Gluk vio la luz en una cueva y pasó sus primeros meses intentando sobrevivir al frío del invierno. Cuando por fin salió de ella, se encontró con un mundo del que, esencialmente, sabía lo mismo que sus padres. Y es que había nacido en una tribu de cazadores que recién aprendió a dominar el fuego. De aquella vida, Gluk recuerda temor e ignorancia continuos. Cada vez que había una tormenta, temían que el cielo cayese sobre sus cabezas. Cuando encontraban a algún animal desconocido con aspecto peligroso, creían que era un demonio y huian a toda prisa. Su vida se reducía a viajar buscando alimento, pues aún no habían aprendido a cultivar la tierra ni tampoco a domesticar animales para alimentarse de ellos.
En una ocasión, la gran bola de luz que guiaba su vida desde el cielo se apagó súbitamente. Pensando que era el fin del mundo, todos los miembros de su tribu huyeron despavoridos por el bosque, y Gluk cayó por un precipicio muriendo en un pozo de barro. Llegó a la sala de espera del más allá donde debían borrar su memoria y darle un nuevo destino. Pero su cabeza tenía demasiado barro, y al encargado le dio tanto asco que omitió su deber, devolviéndole al mundo con su vieja memoria.
Gluk despertó en una casa de adobe y dio sus primeros pasos mirando a un horizonte poblado de inmensas pirámides. Con el paso del tiempo, los hombres habían aprendido que esa bola de luz se llamaba Ra, y había que rendirle culto para que siguiera alumbrándonos y no se produjera otro desastre como el de su anterior vida. También había otros dioses que reinaban sobre el resto de aspectos esenciales del mundo, tales como la lluvia o la fertilidad de los campos. Gracias a ellos los hombres ya no vivían en un viaje continuo para buscar caza, sino que habían aprendido a cultivar la tierra y domesticar animales que les dieran alimento. Para servir bien a esos dioses, había que adorar a su representante en la tierra, llamado faraón, a quien Gluk no vio en toda su vida pero que (según le contaron) era un ser extraordinario, con derecho sobre la vida, la muerte y las propiedades de todos sus súbditos, pues así lo habían dispuesto los dioses.
Pero los hombres no fueron lo bastante sumisos hacia los dioses y éstos mandaron una hambruna que provocó la muerte de Gluk junto a la de miles de vecinos suyos. Otra vez volvió al más allá, pero el encargado de borrarle la memoria sintió repugnancia ante los cientos de piojos que poblaban su cabeza, y nuevamente omitió su obligación de hacerlo. Y Gluk recibió un nuevo destino.
Gluk despertó en una gran ciudad admirada en todo el mundo por ser un doble faro. Para los barcos, gracias al imponente edificio que albergaba su puerto e iluminaba a millas de distancia con su grandiosa luz. Y para las mentes, gracias a su biblioteca (la más grande del planeta) que atesoraba siglos de conocimiento sobre las más diversas disciplinas. En aquella ciudad tenía cada vez más peso una secta que resumía el mundo y todo lo que contenía en un libro. Todo aquello que contradijese el libro era un crimen contra Dios y debía ser destruido. Aquella secta tenía una mitología muy pormenorizada y unos rituales bastante complejos, pero su doctrina se podía resumir en que Dios había mandado a su hijo a morir al mundo para redimirnos de nuestros pecados, y su hijo había delegado en un tal Pedro la construcción de una Iglesia con poder para perdonar o retener dichos pecados al mundo entero, así como para dirigir la conducta de todo ser humano.

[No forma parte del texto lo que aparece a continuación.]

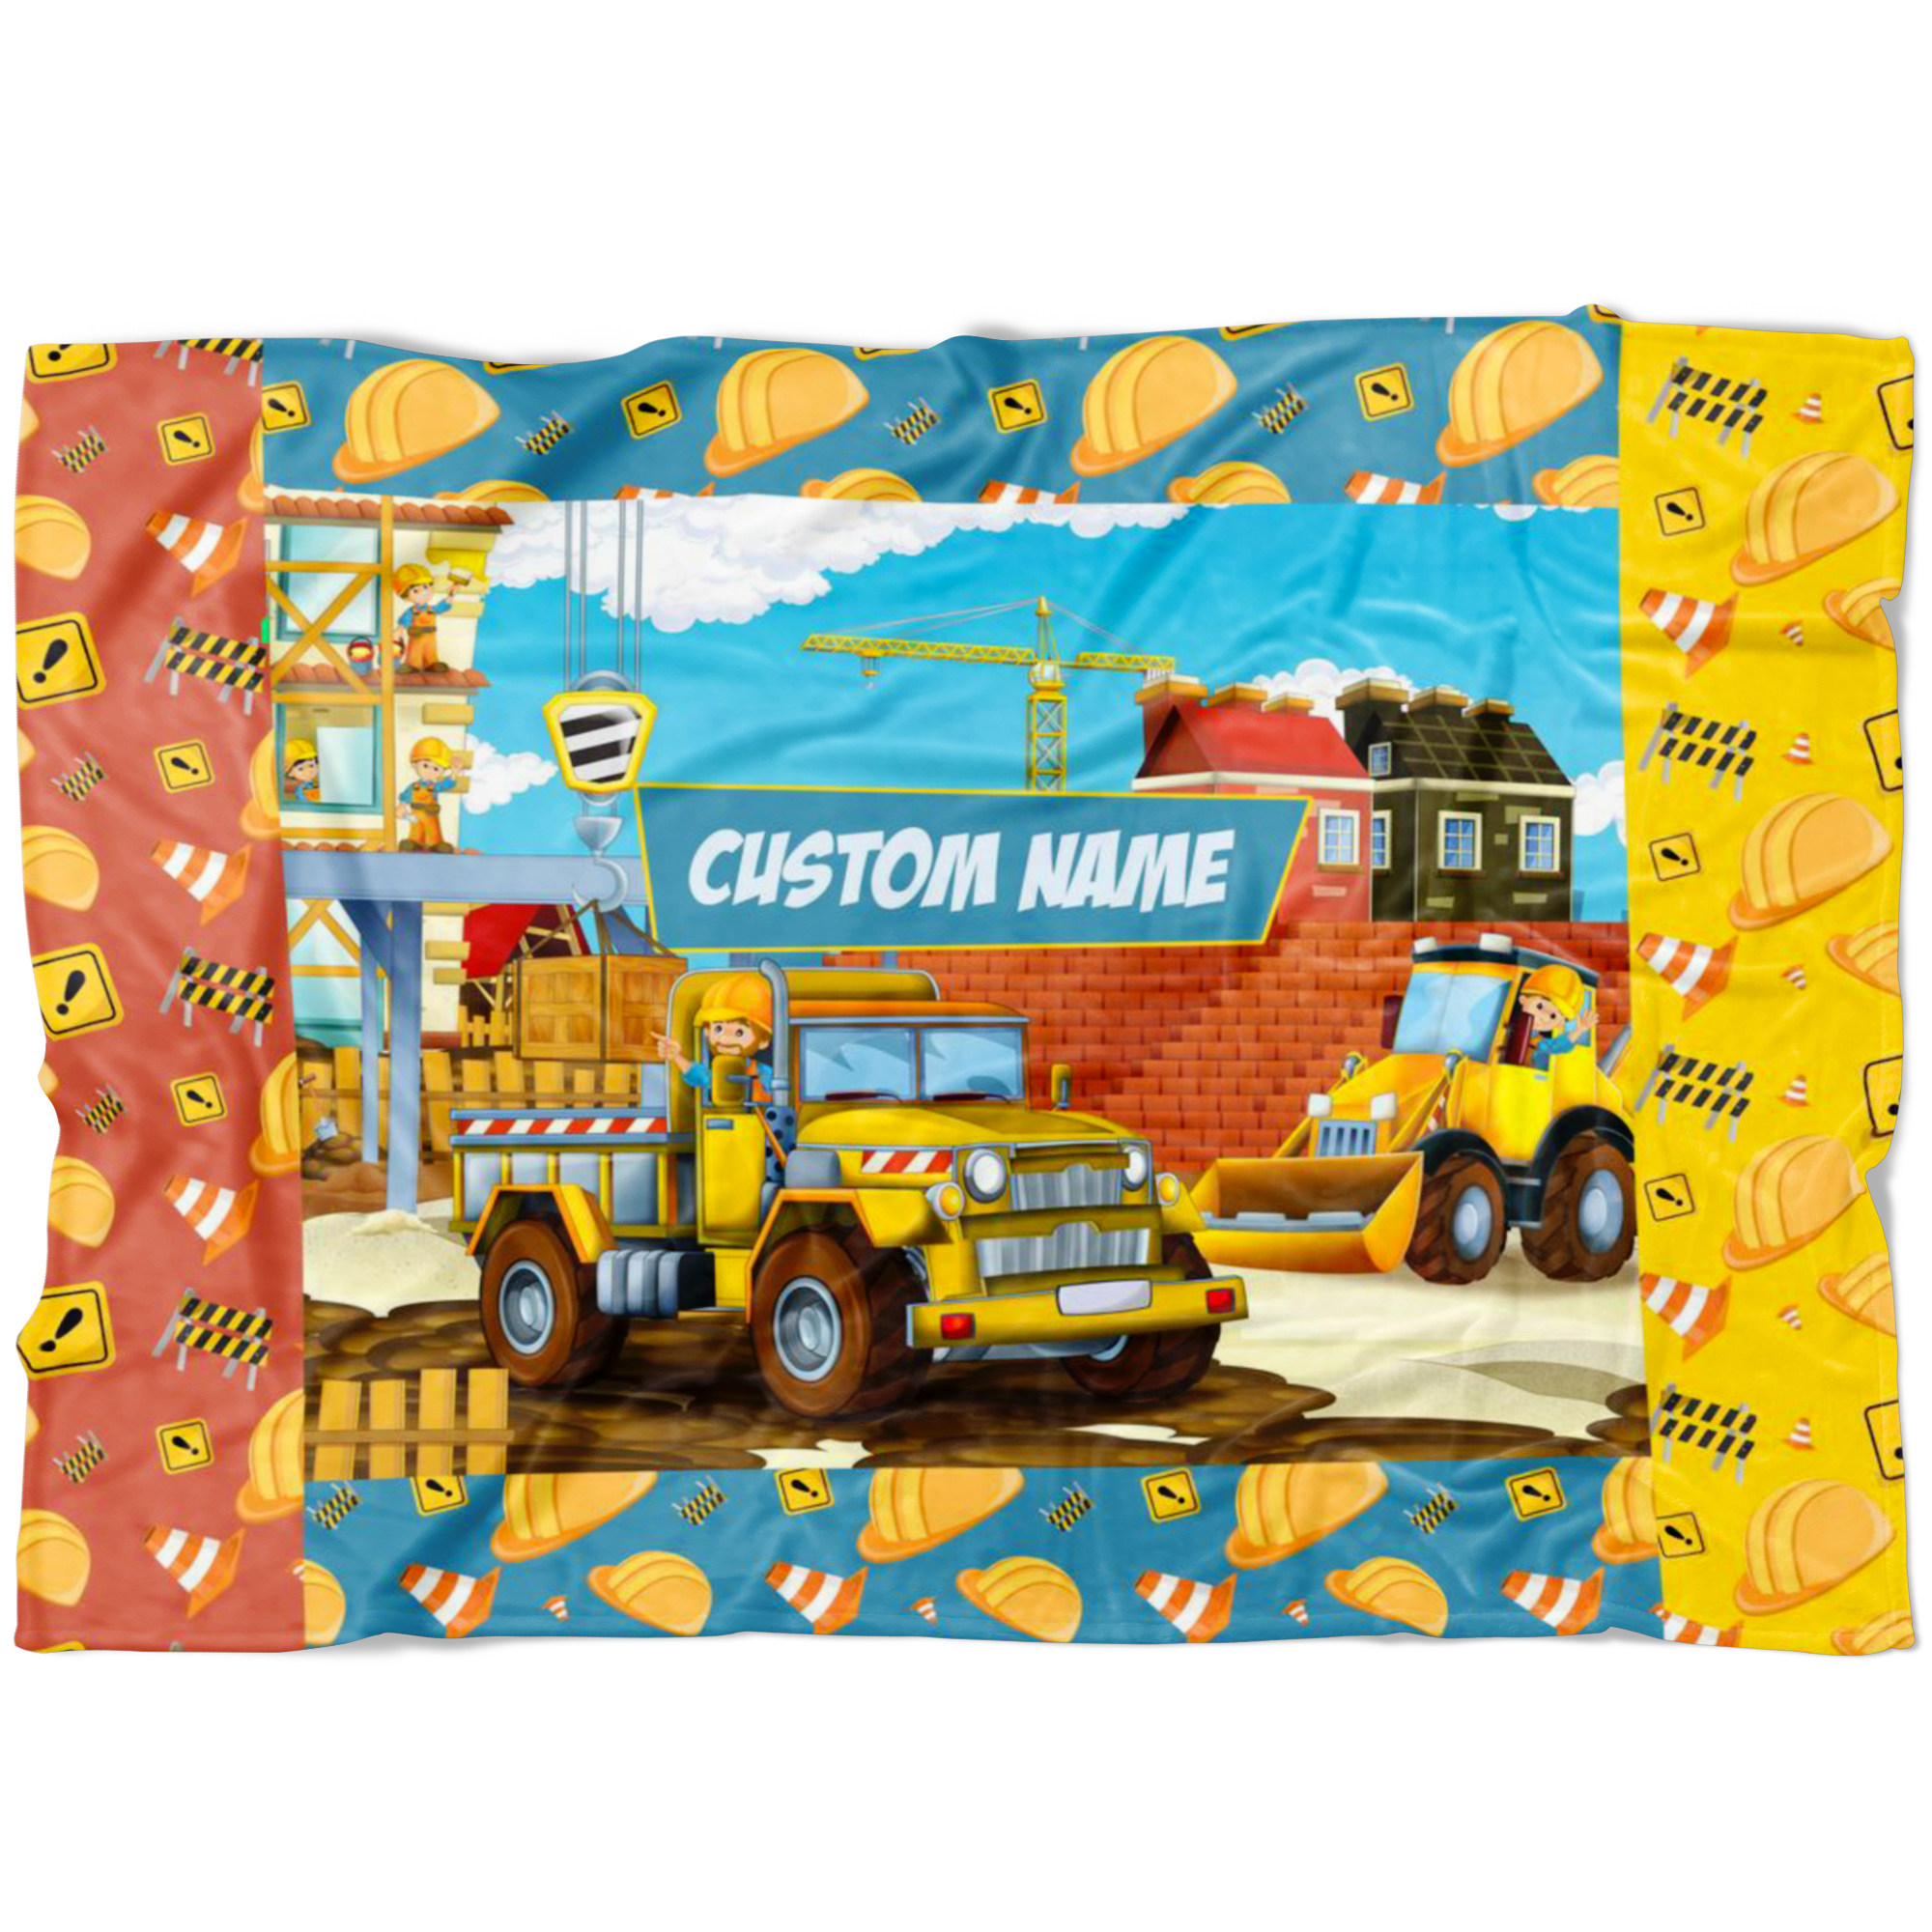 Personalized Name Construction Site Machinery Blanket for Boys & Girls

Cuestionar la más nimia norma moral o rito concreto de esa Iglesia, era un crimen antinatural perseguible incluso mediante la violencia.
Gluk se preguntaba por qué creer o no creer en la resurrección de un hombre (o ayunar en un día concreto) te hacía peor o mejor persona, y también se preguntaba por qué, si Dios quería eso, había tardado tantos siglos en ordenarlo. Y en más de una ocasión lo dijo en público. Pero aquella secta era de armas tomar, y un día, por orden de su líder local, se armaron con cuchillos y antorchas y lanzaron un ataque masivo contra todo aquello que no encajase en su libro sagrado. La biblioteca fue destruida y Gluk fue quemado vivo.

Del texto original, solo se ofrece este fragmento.